Return all the data verbatim but without images.

-------- RECORDED INFORMATION

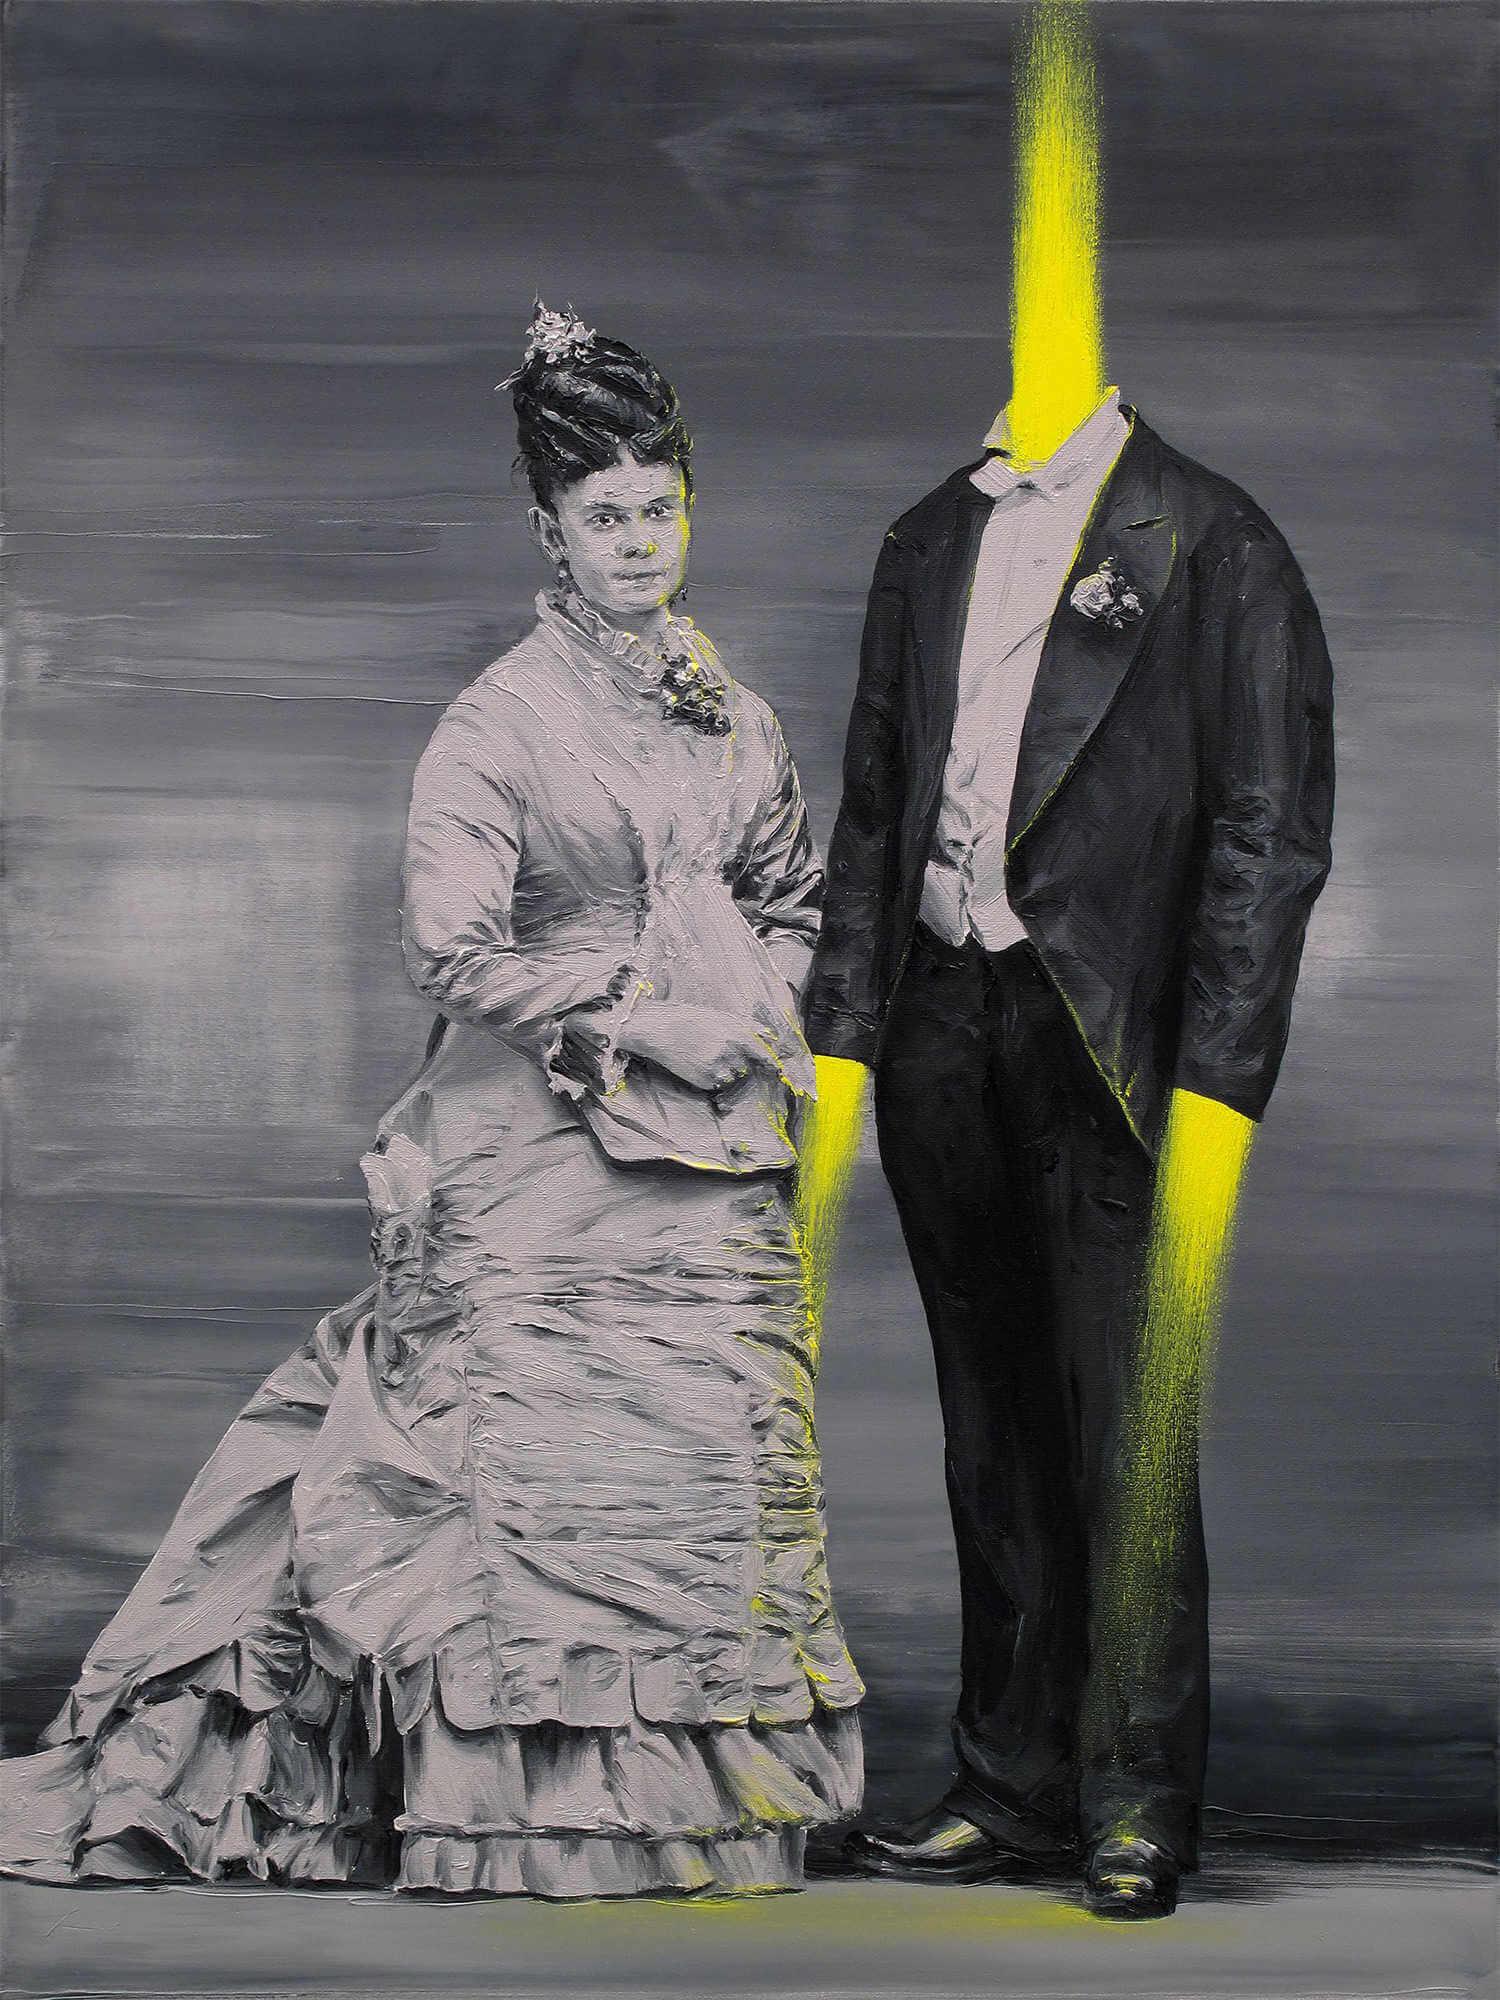 Pintura al oleo surrealista de paco pomet de matrimonio y hombre explotado
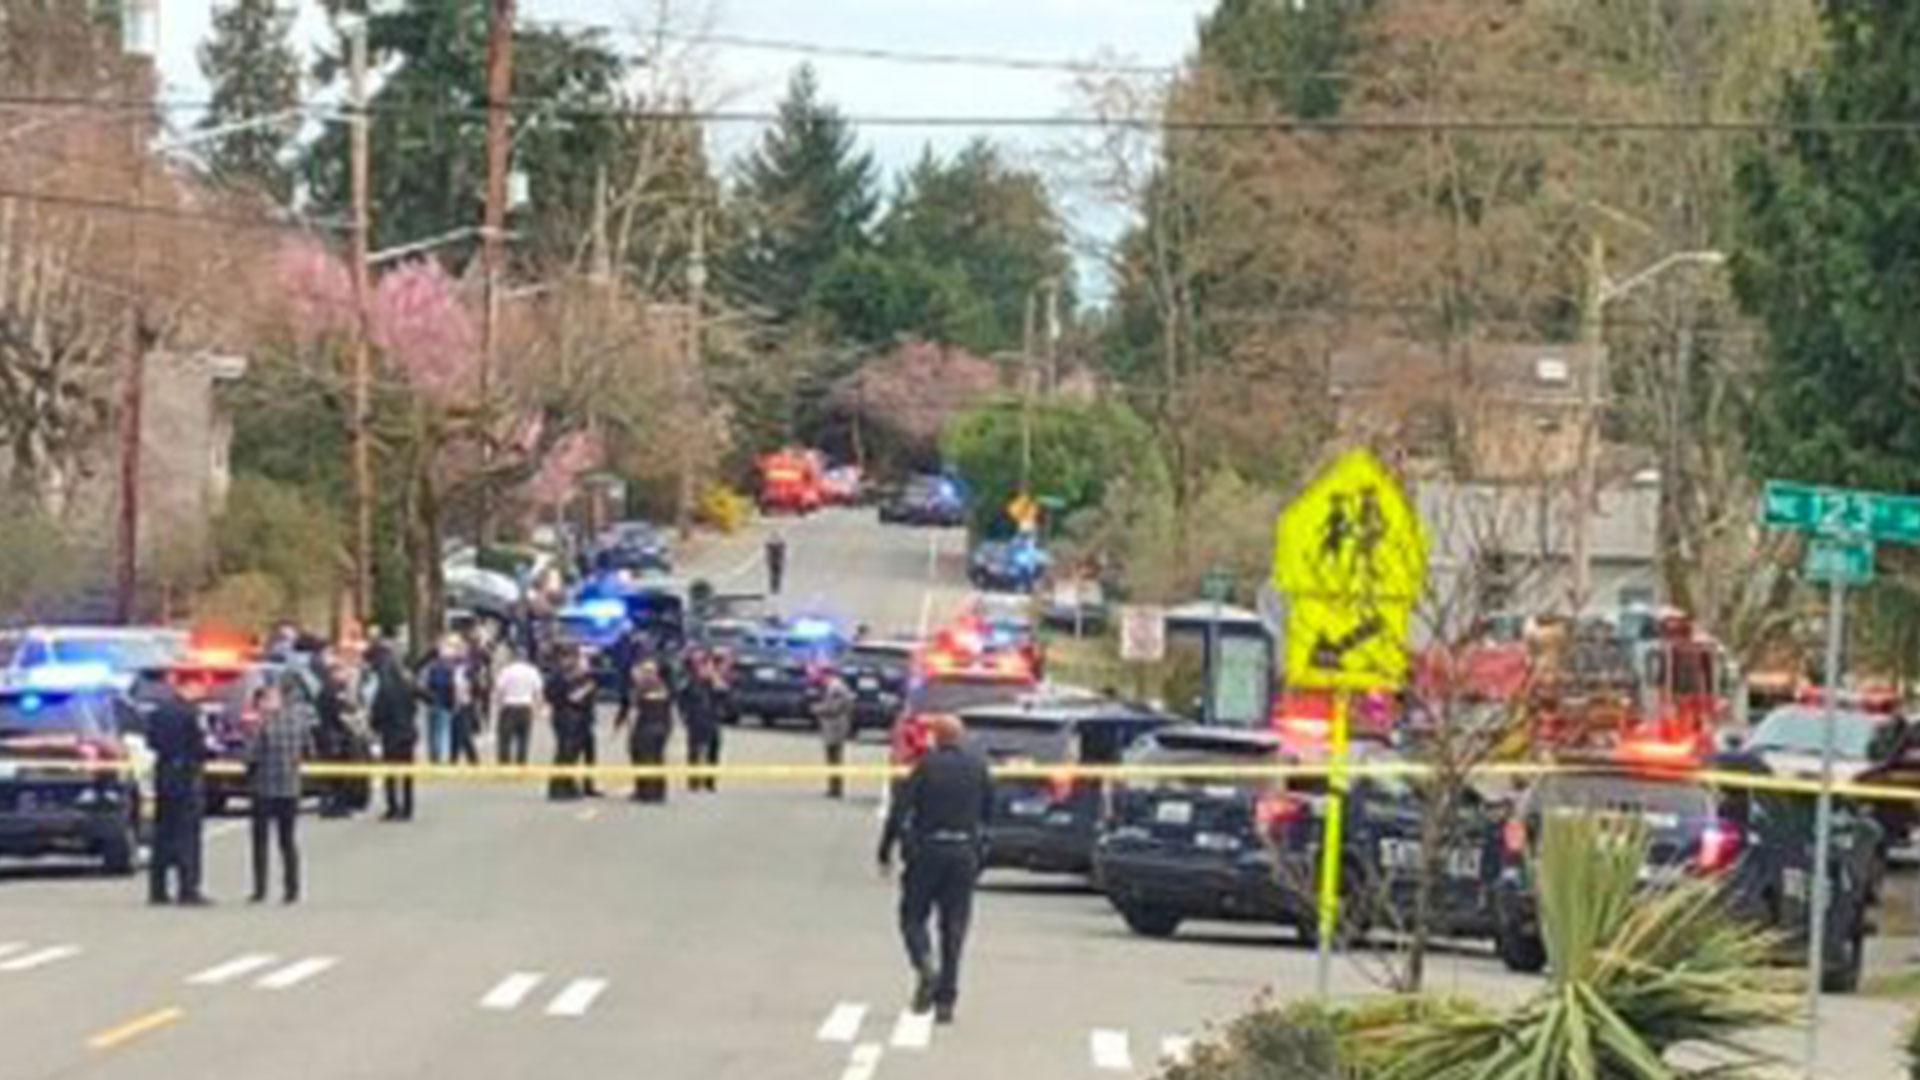 Los autores del ataque eran alumnos de la escuela STEM de la ciudad de Highlands Ranch
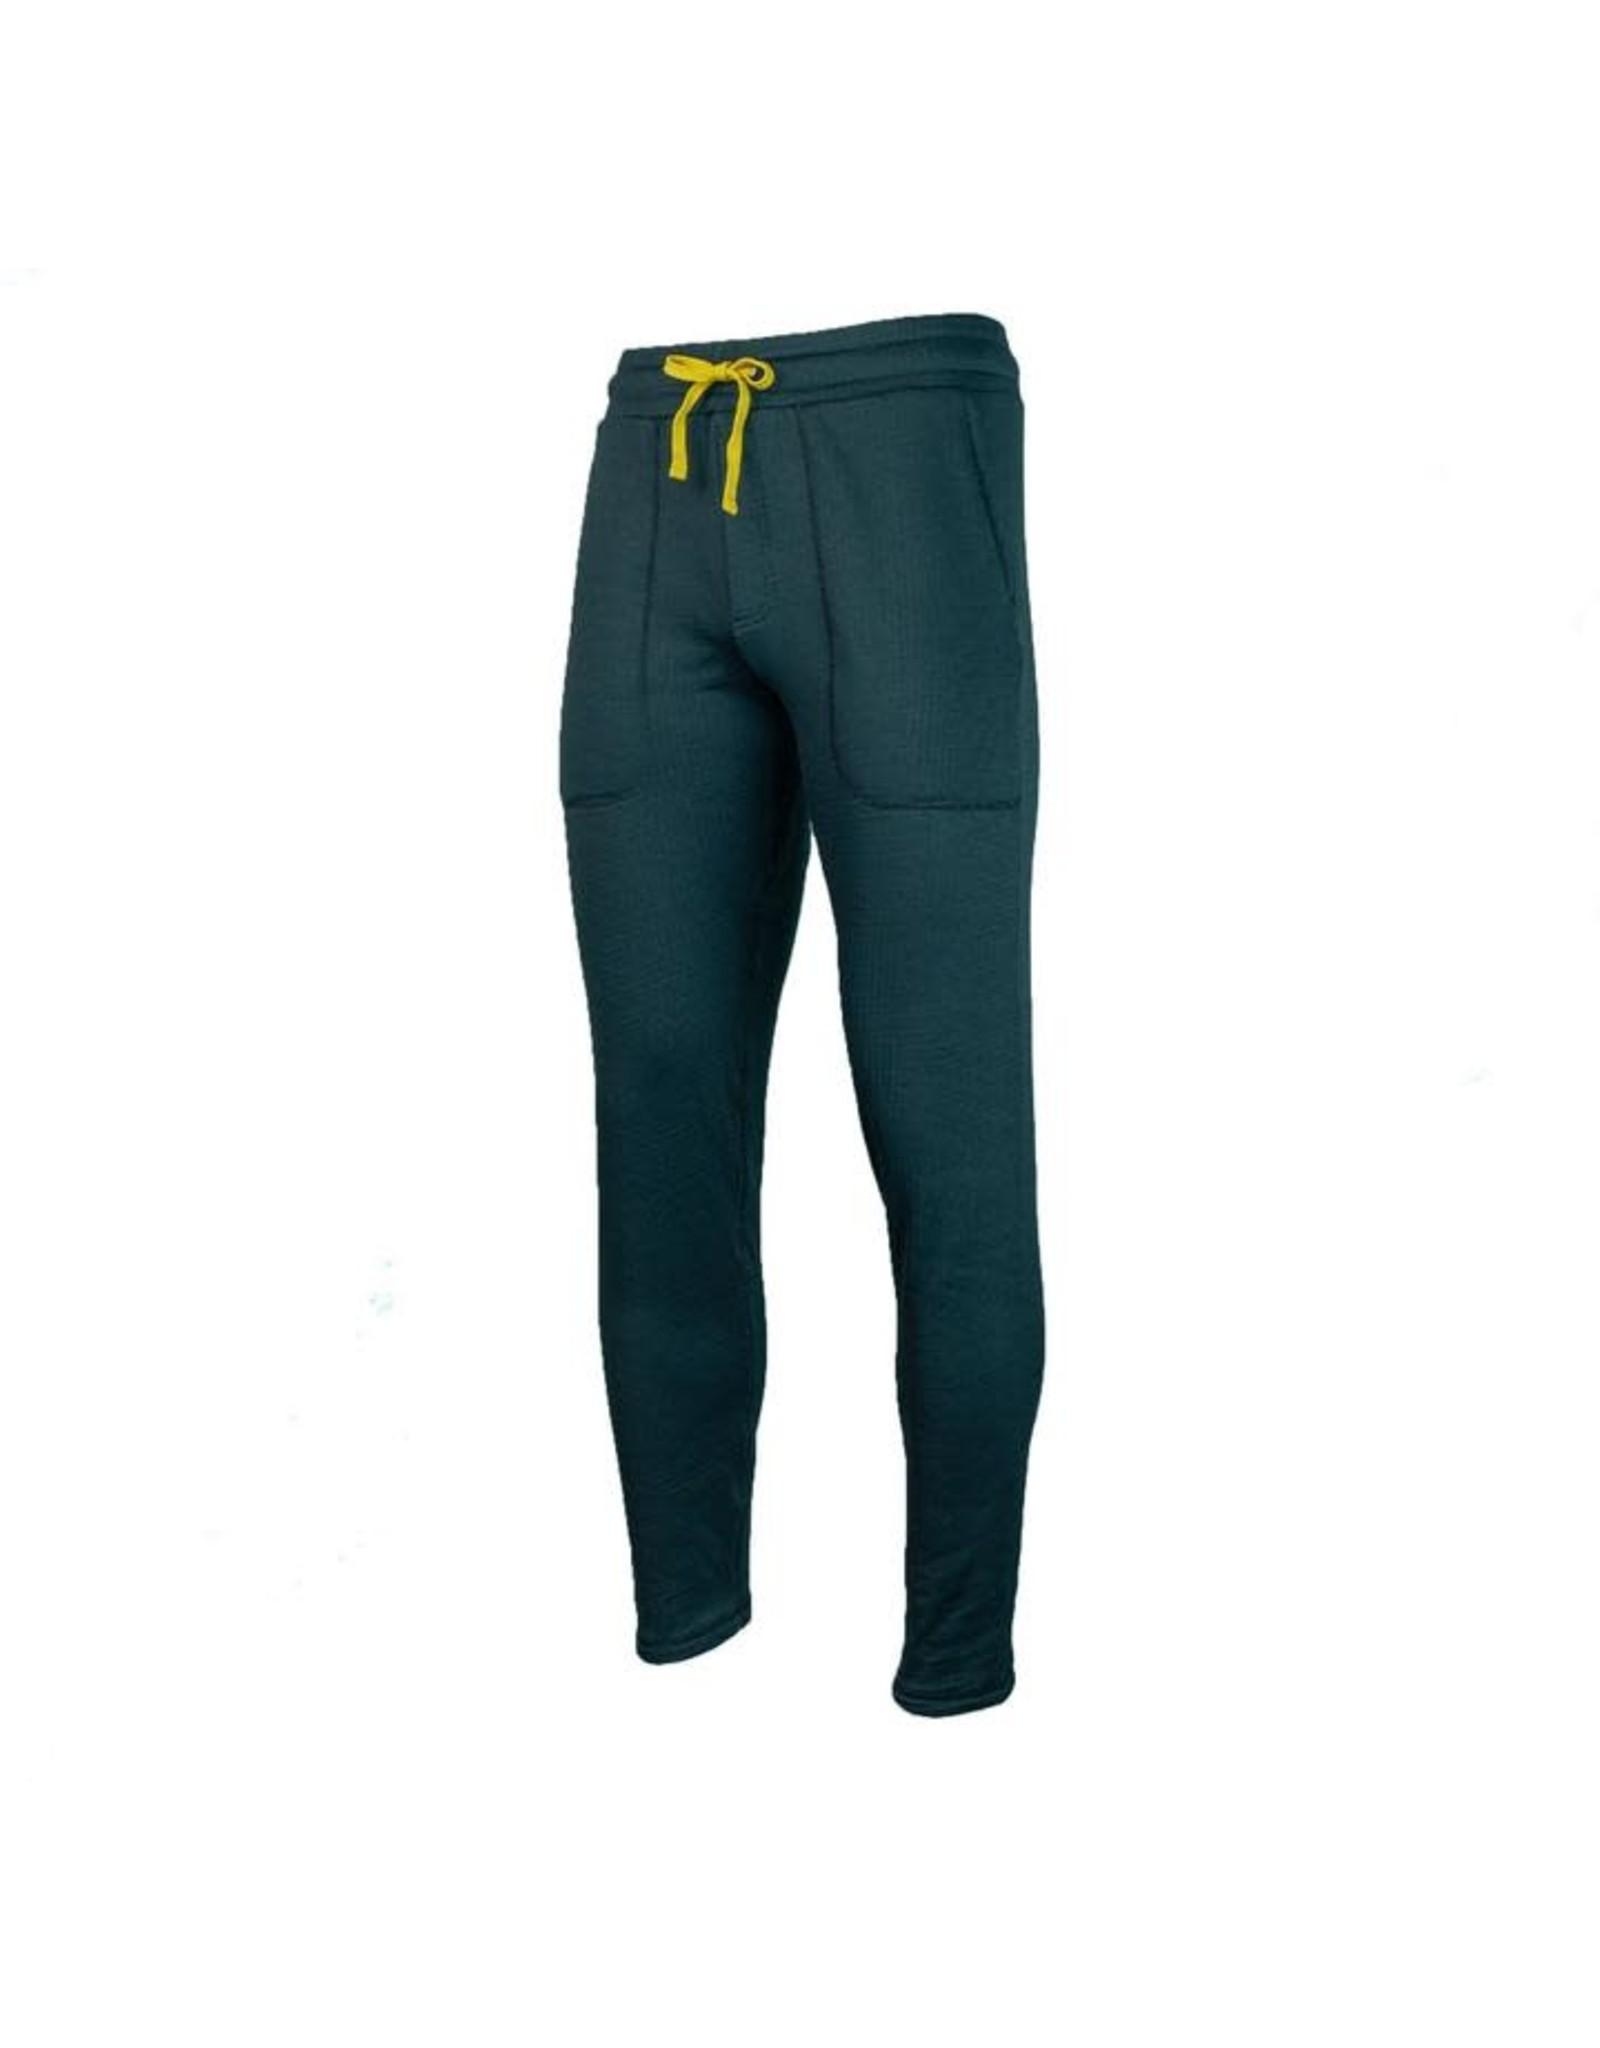 Fayettechill Fayettechill M's Reed Fleece Pants

----------------

__RESULT OF THIS TASK__
 Pintura al oleo surrealista de paco pomet de matrimonio y hombre explotado
 Los autores del ataque eran alumnos de la escuela STEM de la ciudad de Highlands Ranch
 Fayettechill Fayettechill M's Reed Fleece Pants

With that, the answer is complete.